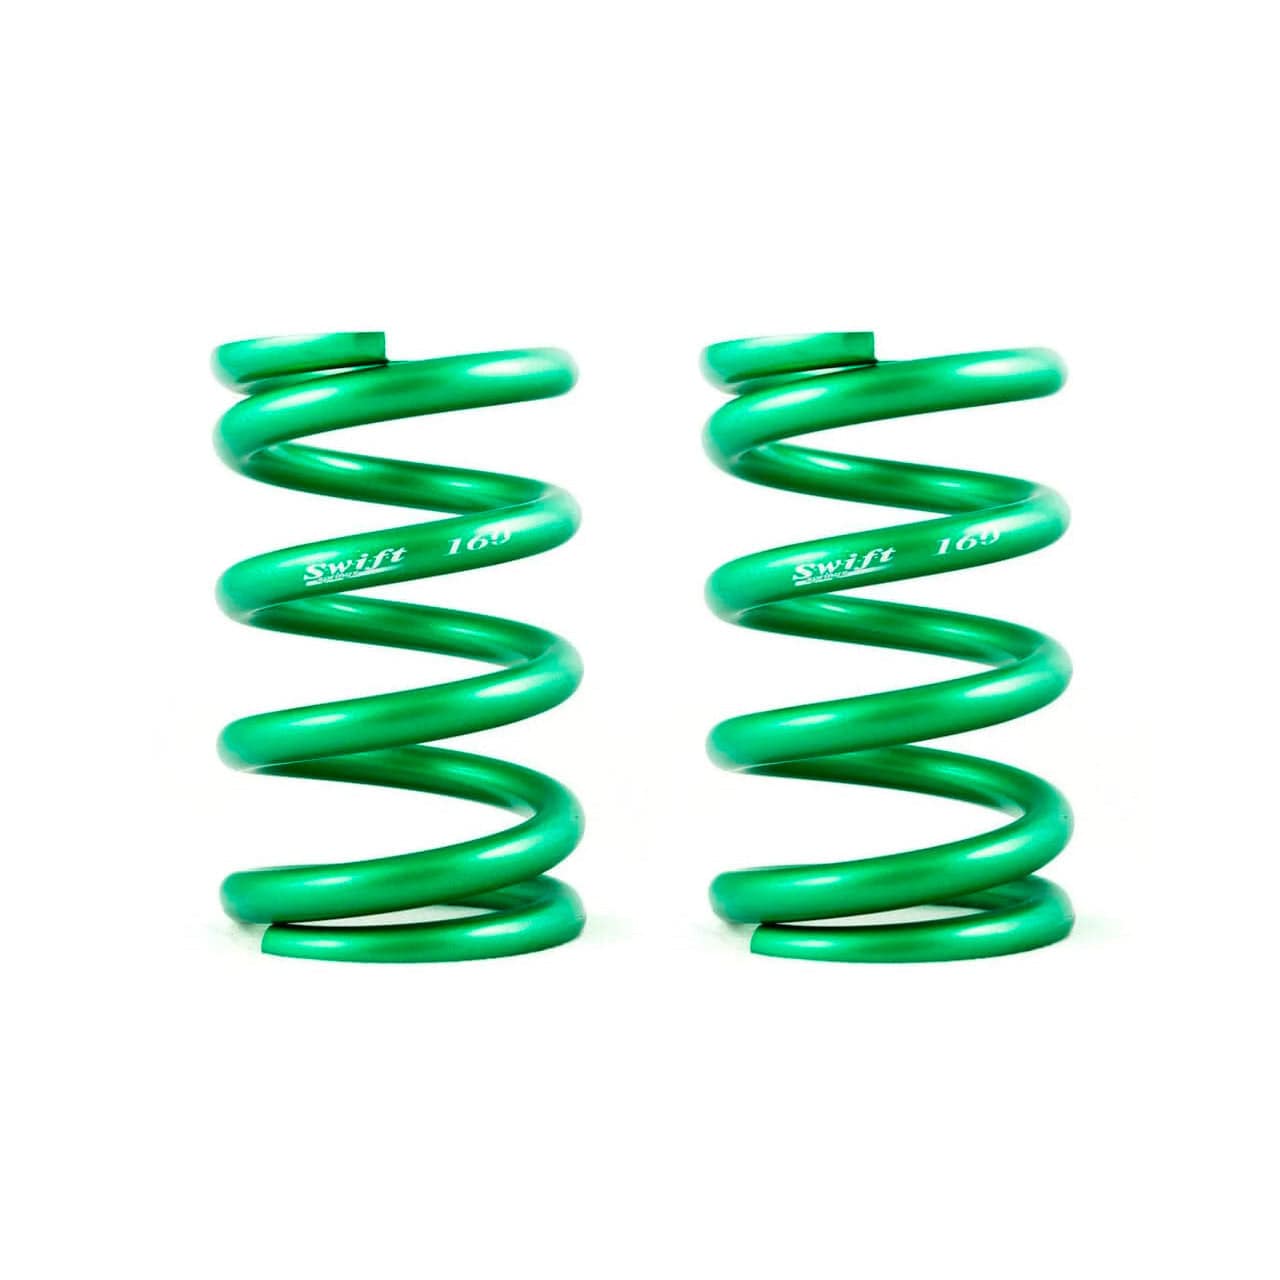 Swift Springs Metric Coilover Springs - ID 70mm, 10" Length
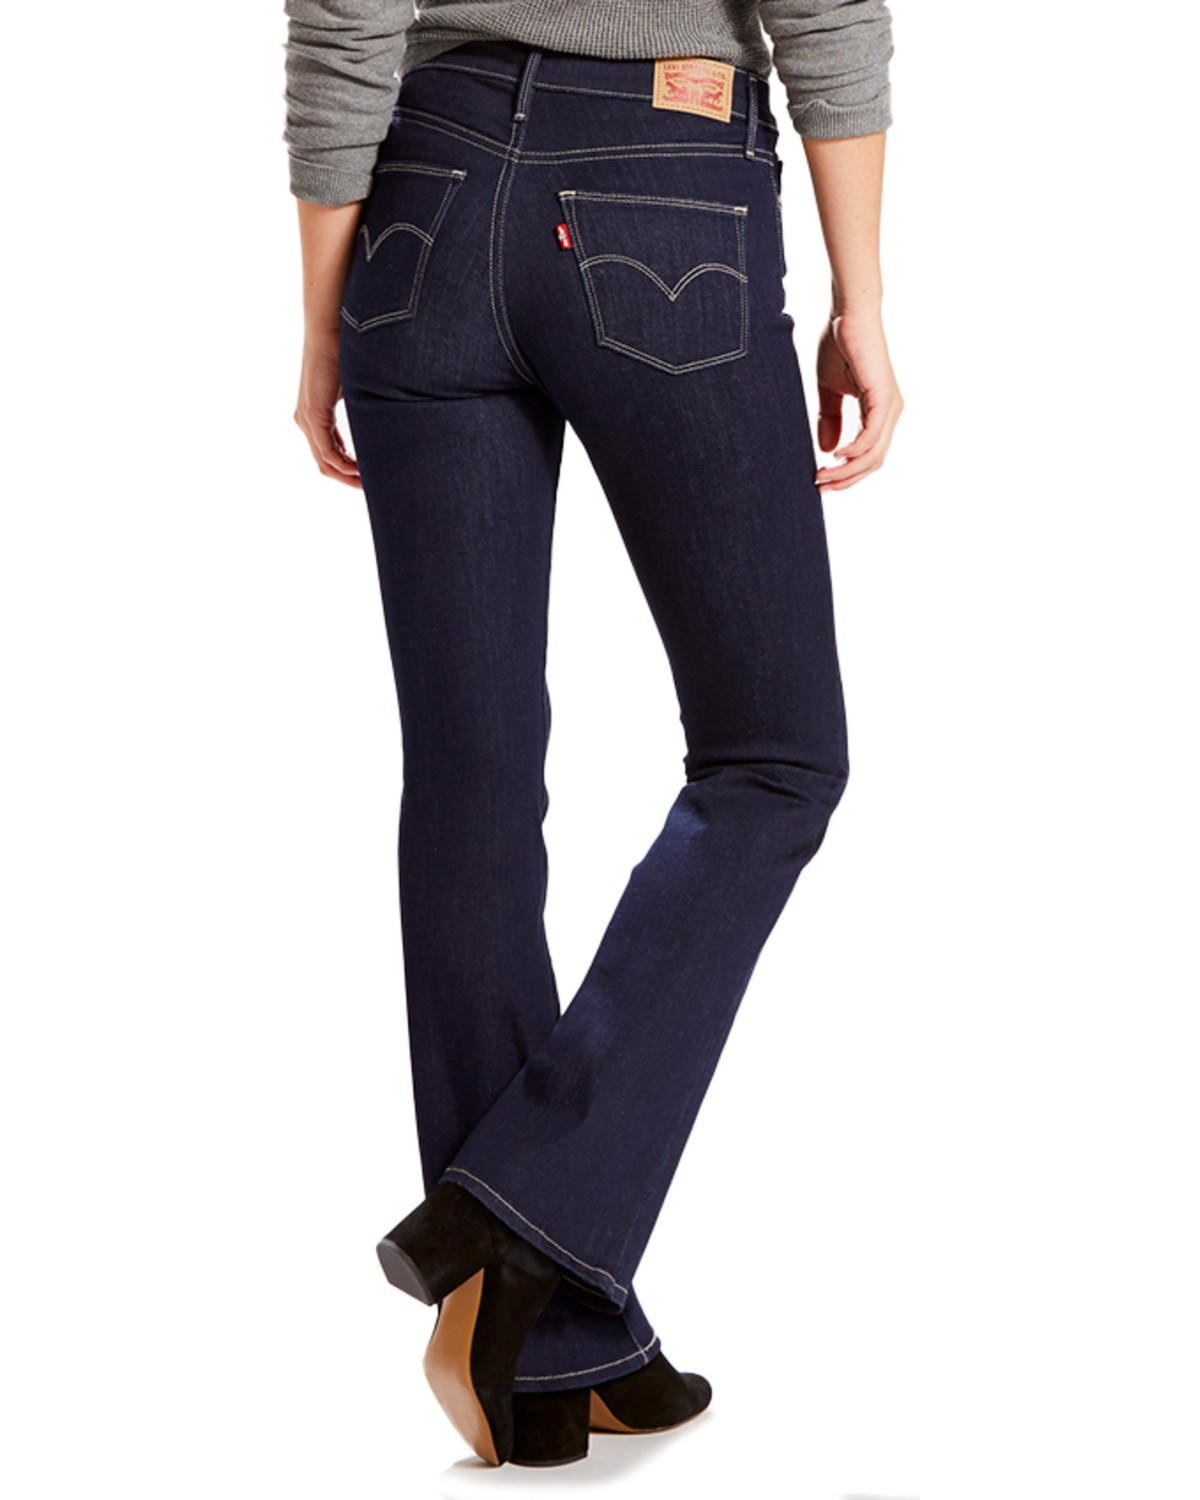 Levi's Women's Slimming Boot Cut Jeans - Country Outfitter
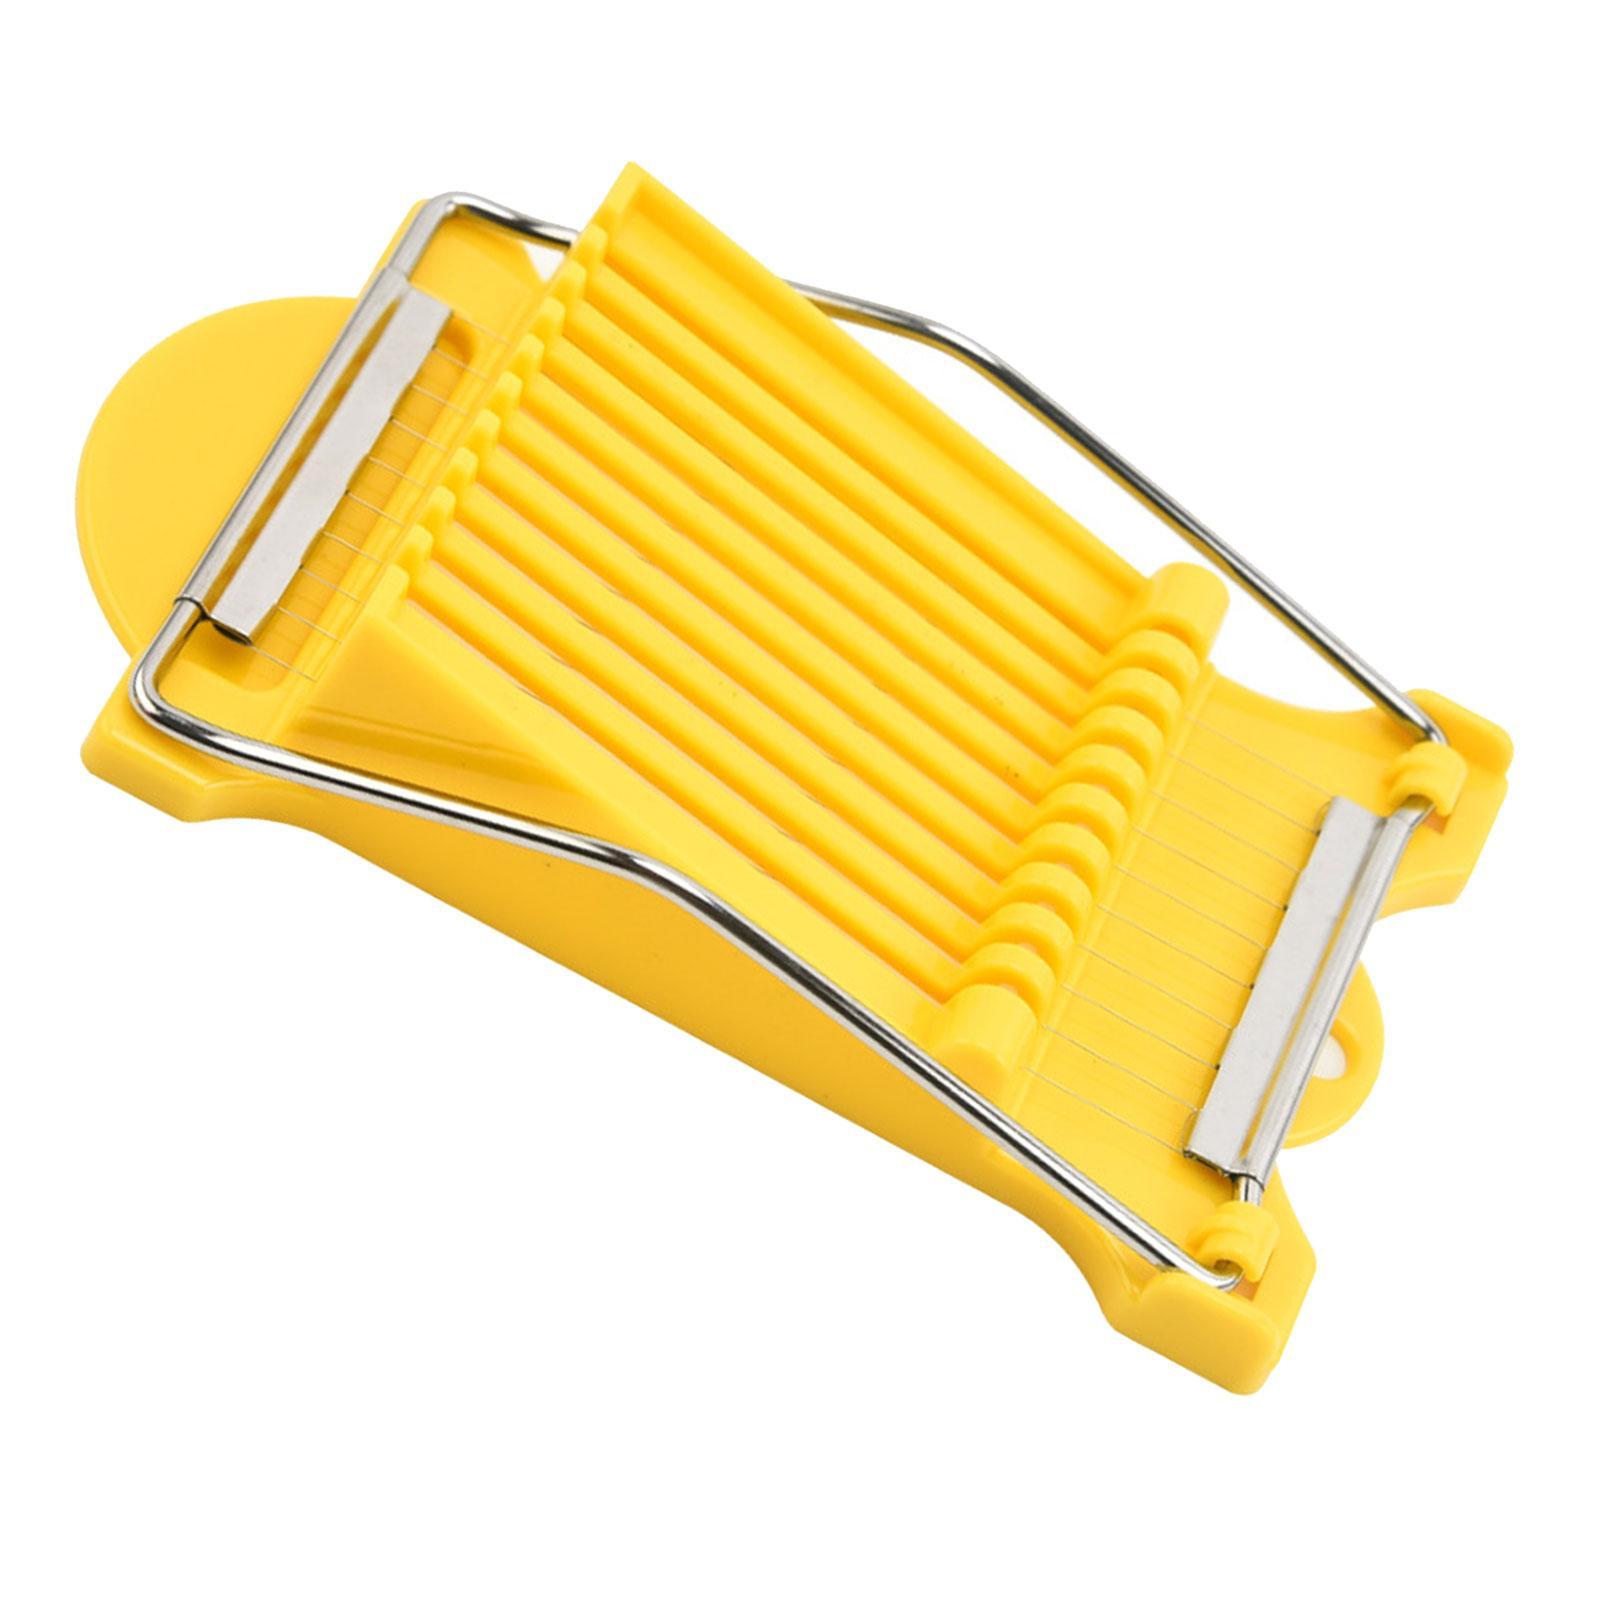 Cheese Slicer Cutter Convenient Durable Egg Slicer for Onions Soft Food Eggs

▶ WORK REQUIRED
When you retype the listing, keep every line exactly as it is and drop the pictures.

▶ ANSWER FOR THIS EXERCISE
 Swift Springs Metric Coilover Springs - ID 70mm, 10" Length
 Levi's Women's Slimming Boot Cut Jeans - Country Outfitter
 Cheese Slicer Cutter Convenient Durable Egg Slicer for Onions Soft Food Eggs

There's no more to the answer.